Данила торопливо перекрестился.
– Князь мой Михайла Темрюкович вывез из своих басурманских краев девку-красавицу. Сам ее употреблял вволю, а теперь, видать, осточертела она ему, послал за новыми, молоденькими, а эту дает побаловаться своим опричникам, когда отличить кого хочет. Мне давал, Митьке Якушеву, еще двум-трем. Не, он ее не больно разбазаривает, бережет. Зело борзая девка-то, небось при добром обращении еще послужит. Поэтому только для своих, для самых удалых.
– Ну, ты, значит, удалой, а мне-то он ее с какой радости в постель даст? – вновь приуныл Данила.

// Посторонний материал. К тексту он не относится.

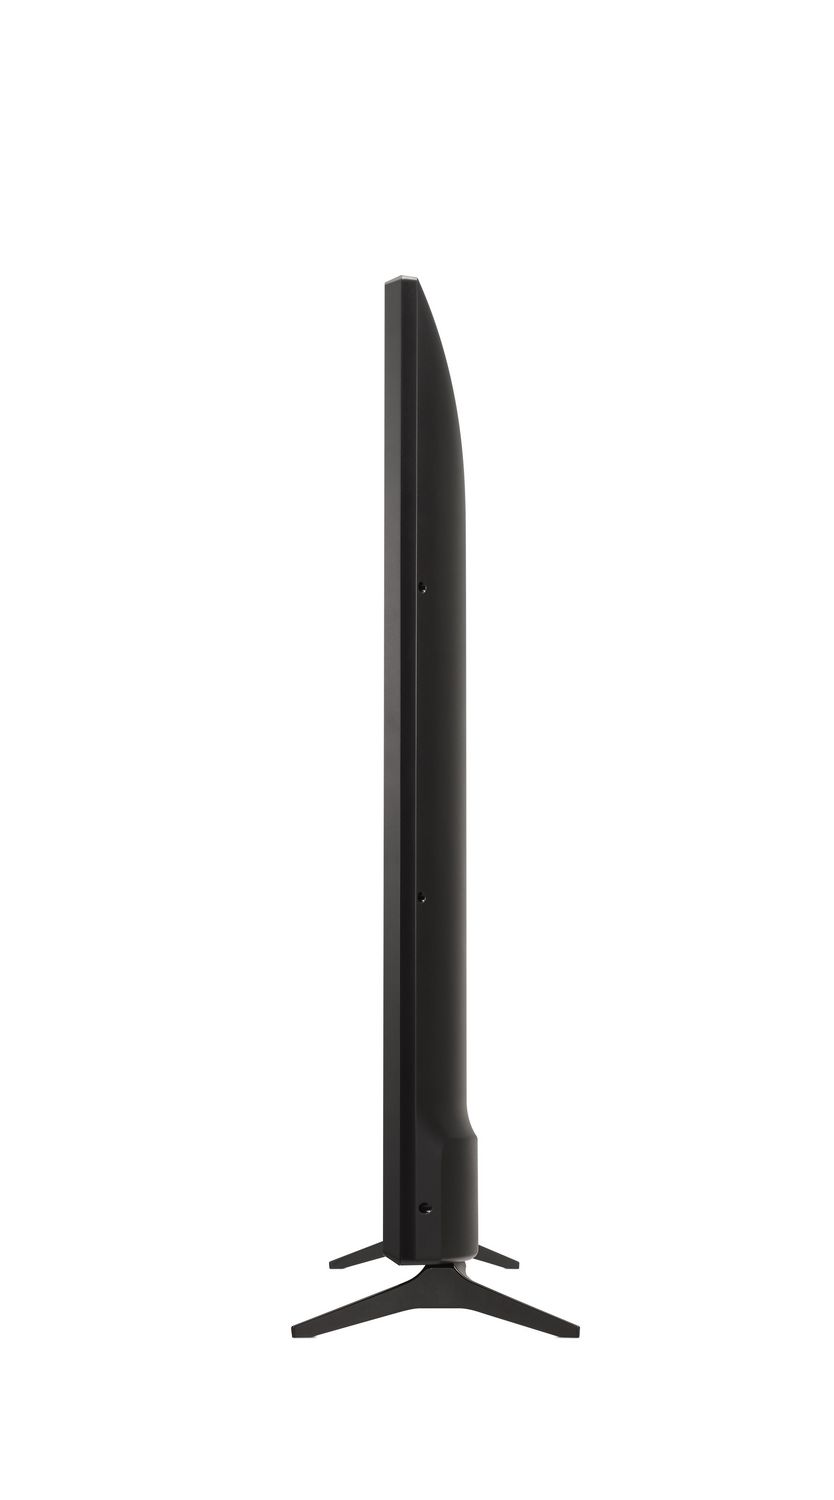 LG 49UJ6300 4K UHD Smart LED TV with WebOS 3.5 - Walmart.ca

Эх, не везет ему нынче! Дуню, считай, потерял, а теперь еще и блудяшка иноземная уплывает из рук. А хоть уже разгорелась – моченьки нет. Вот же искуситель Савка, почище дьявола!
– Дурила! – снисходительно глянул приятель. – Я небось ее для себя спрошу. Вишь, как мой князь меня любит. Так и сказал: «Тебе, Савка, по первому слову девку представлю, как ты есть человек верный и надежный». А девка сия, чтоб ты знал, только в темноте принимает в постелю. Ну а ночью-то все кошки серы, она и не спознает, кто с ней. Только ежели покличет тебя Савкою, ты уж отзовись. Да смотри не оплошай!
– Ничего, как-нибудь не оплошаю! – хрипло сказал Данила, сглатывая слюну: в горле от нетерпения пересохло. – Небось не ты один герой.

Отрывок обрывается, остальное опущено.